SHA-1 Digest

Calculating the base 32 encoded SHA-1 digest that is commonly used in WARC files and CDX indexes.

sha1_digest[source]

sha1_digest(content:bytes)

sha1_digest(b'12345')
'RSZCG7IGPHFIRW3EMTVMMDNJMNCVCOLE'

Making URLs Pretty

Sometimes I want to return something that looks like a URL in Jupyter, but works in other environments.
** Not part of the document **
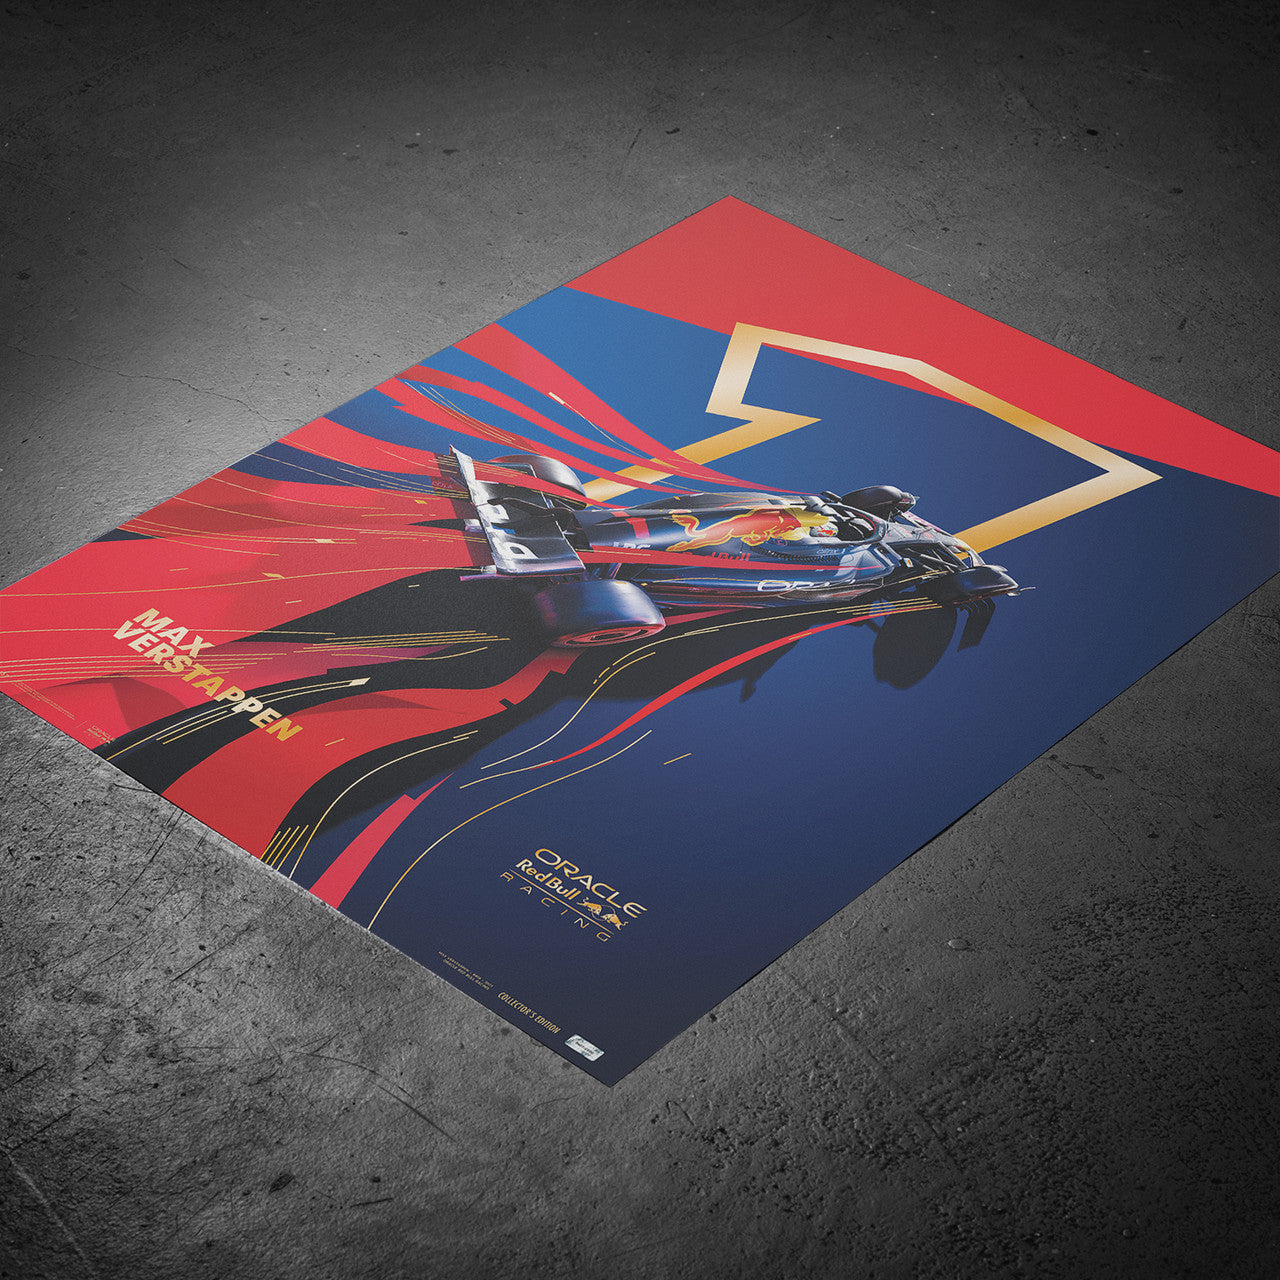 Oracle Red Bull Racing 2022 Max Verstappen Special Edition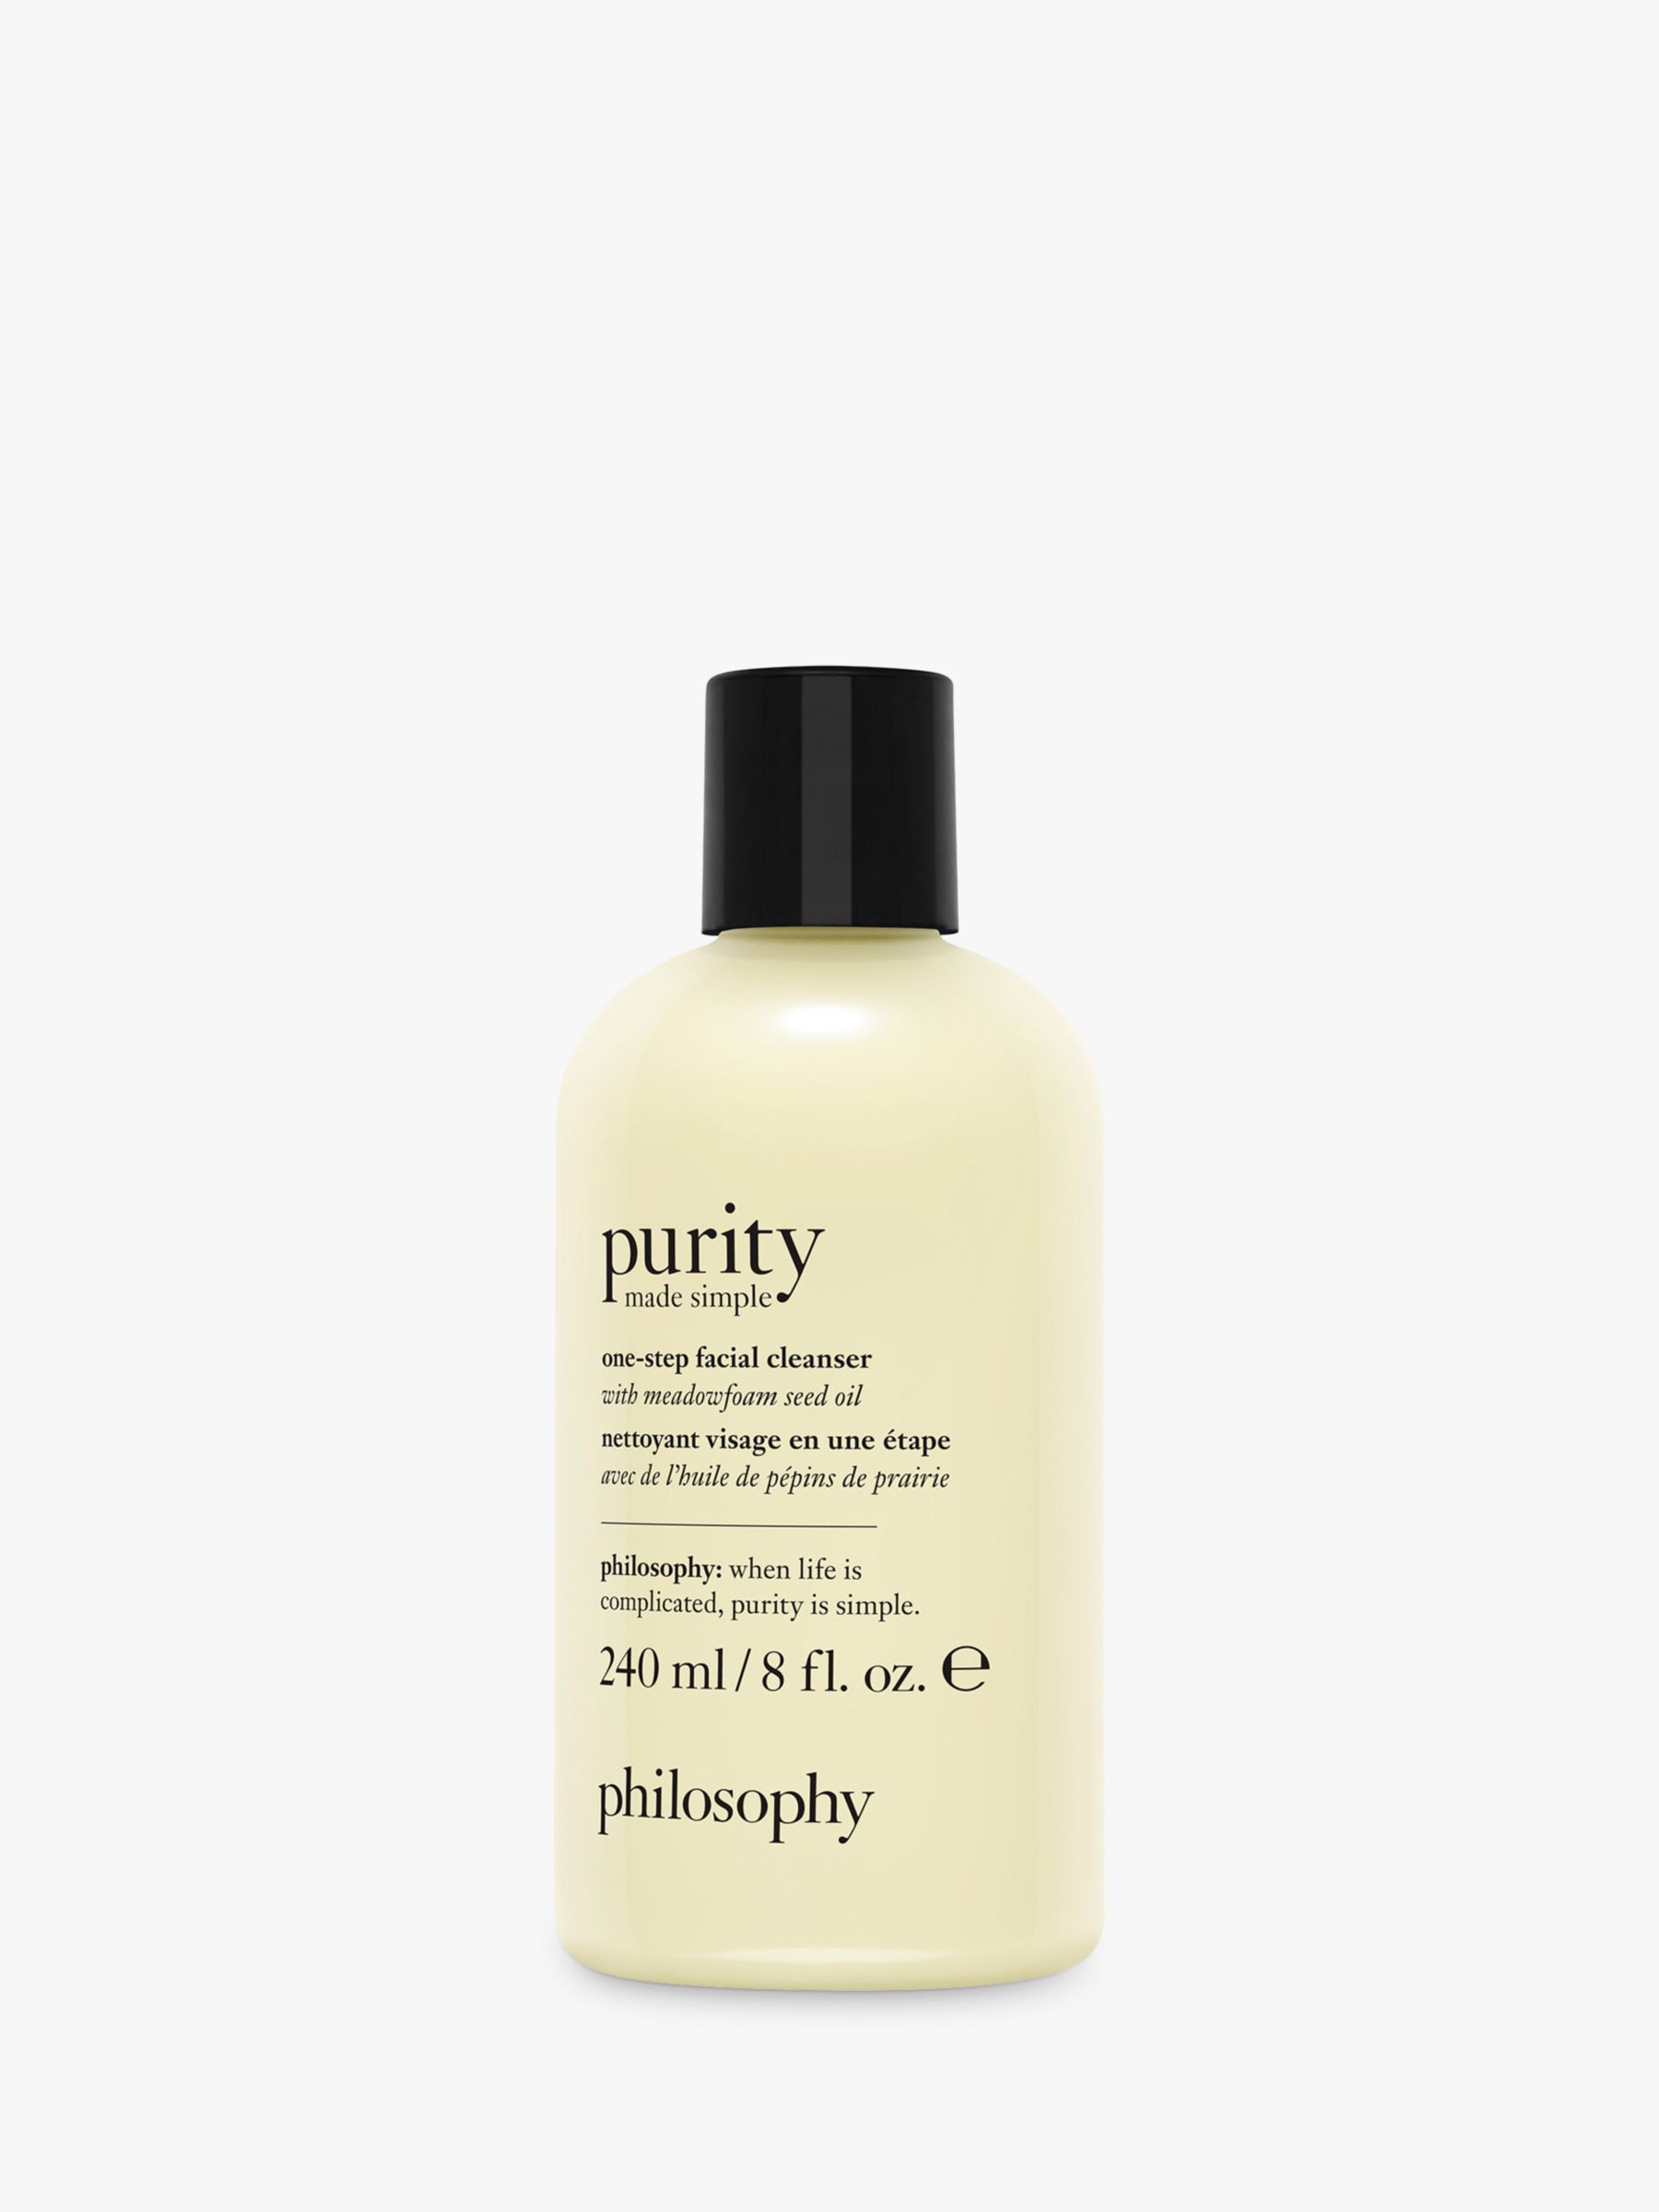 at　John　One-Step　240ml　Cleanser,　Philosophy　Purity　Facial　Simple　Made　Partners　Lewis　amp;

Adapted from here.

class URL[source]

URL(url:str)

Wrapper around a URL string to provide nice display in IPython environments.

It displays nicely

url = URL('https://commoncrawl.org/')
url

The repr is usable

repr(url)
"URL(url='https://commoncrawl.org/')"

The string form is what we need

str(url)
'https://commoncrawl.org/'

Or we can extract it

url.url
'https://commoncrawl.org/'

Session Helpers

Make a session that can run multiple concurrent requests and retry for intermittent failures.

make_session[source]

make_session(pool_maxsize)

Joblib Helpers

Forcing a function with joblib.Memory

def _forced(f, force):
    """Forced version of memoized function with Memory"""
    assert hasattr(f, 'call')
    if not force:
        return f
    def result(*args, **kwargs):
        # Force returns a tuple of result,metadata
        return f.call(*args, **kwargs)[0]
    return result